North Korean leader Kim Jong-un inspecting the ‘Dropping and Target-striking Contest of KPA Special Operation Forces — 2017’ at an undisclosed location in North Korea. Picture: AFP Photo
North Korean leader Kim Jong-un inspecting the ‘Dropping and Target-striking Contest of KPA Special Operation Forces — 2017’ at an undisclosed location in North Korea. Picture: AFP Photo

“OK,” I said, “but in my country, we always disagree with our politicians. We sit around in bars like this, and one of our main hobbies it to tear the shit out of our leaders.”

More laughter. “Australia is very different,” Mr Pak said seriously.

“Do you fear going to prison?”

Mr Pak explained to me that North Korea did not have crime, and therefore there were no prisons.

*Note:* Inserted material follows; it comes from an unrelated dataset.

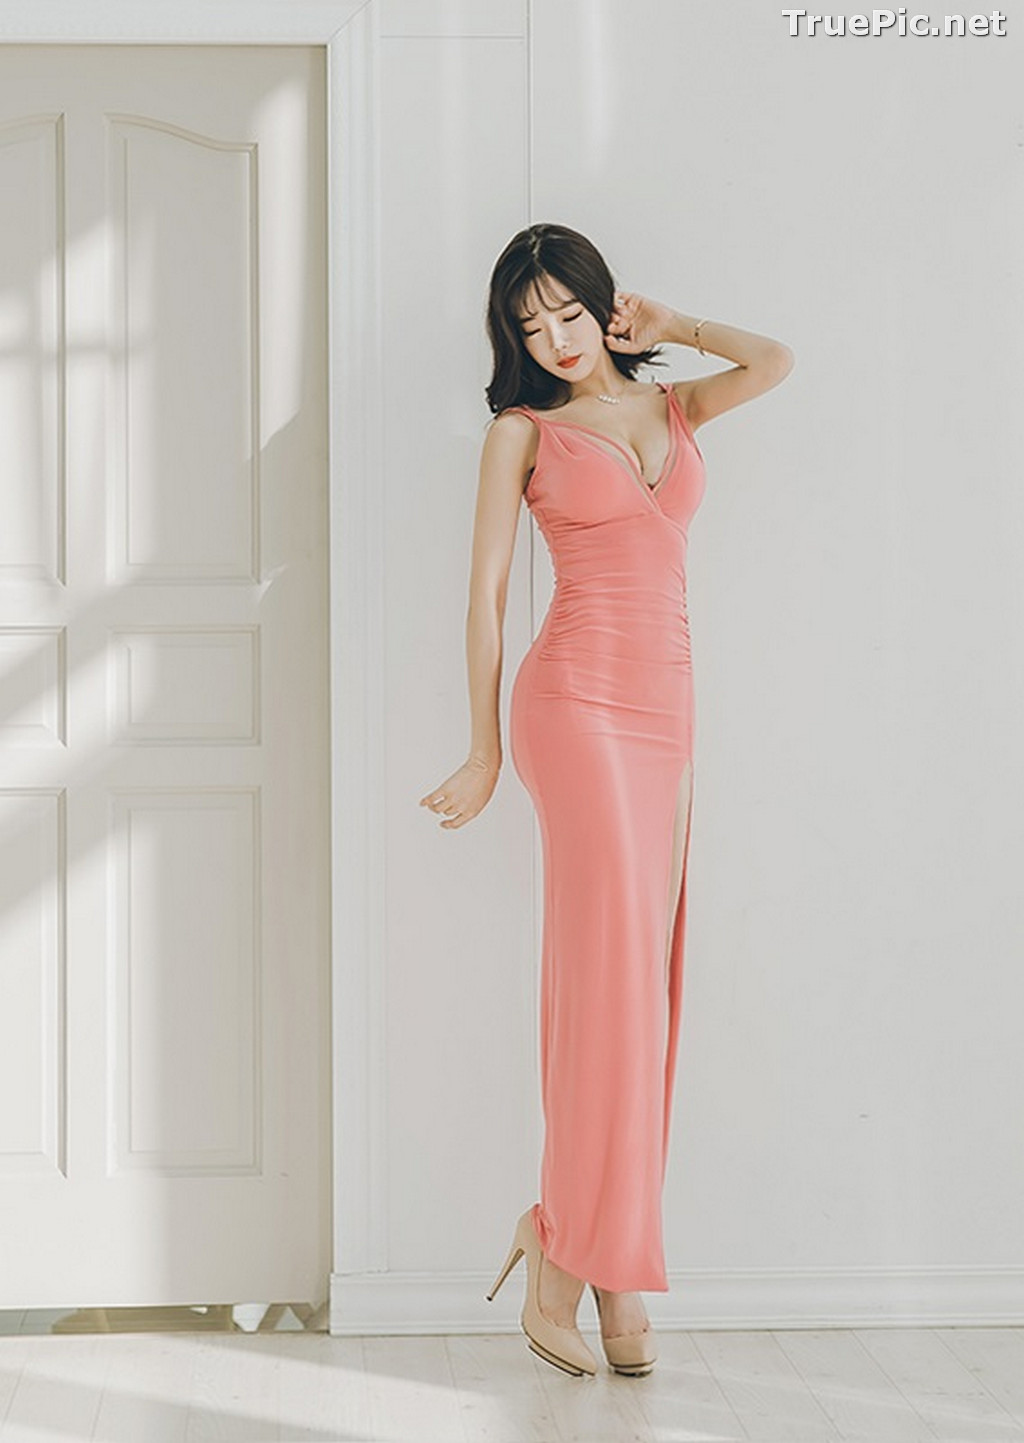 Image Korean Fashion Model - Kang Eun Wook - Slim Fit Bodycon Dress - TruePic.net - Picture-21

“But what about the gulags?” I said. Mr Kim had already admitted they existed.

“They are re-education centres,” Mr Pak patiently explained. “When people have the wrong opinion they are sent to re-education centres.”

“Do you fear going to a re-education centre?”

“I have never been to a re-education centre.”

“No,” I asked, that was not my question. “But do you fear it?”

“Going to a re-education centre would bring shame upon all of your family,” Mr Pak said. Mr Pak looked at the others around the table. Suddenly, the two other North Koreans at the table burst into furious agreement, that Kim Il-sung and his son, were indeed always correct because they always knew what was best for North Korea, and that only people who don’t understand that fairly simple fact would ever end up in re-education centres.

That three grown men refused to answer the question of whether they even feared the prison camps said it all.

All the functionaries — in fact, everyone I met in North Korea — was similarly frightened of even confirming whether they were frightened or not.

And for good reason. We’ve all heard the horror stories: the North Koreans have intergenerational punishment. When you say the wrong thing, the next three generations of your family are liable for punishment. Or if you’re senior enough, you may just get executed using an anti-aircraft gun.

Women in uniform march across Kim Il Sung Square during a military parade on Saturday, April 15, 2017, in Pyongyang. Picture: AP Photo/Wong Maye-E
Women in uniform march across Kim Il Sung Square during a military parade on Saturday, April 15, 2017, in Pyongyang. Picture: AP Photo/Wong Maye-E

That North Korea is a terror state is something that should terrify everyone on earth, because in that situation, there are no checks on Kim Jong-un’s actions.

It is such a terror state that even if the Generals around Kim Jong-un thought he was taking North Korea into an unwinnable conflict, they would still be too scared to disobey, and they would be too distrustful of each other to organise a coup.

The only hope is for a calm and rational approach from the other side. Instead, we’ve got Donald Trump.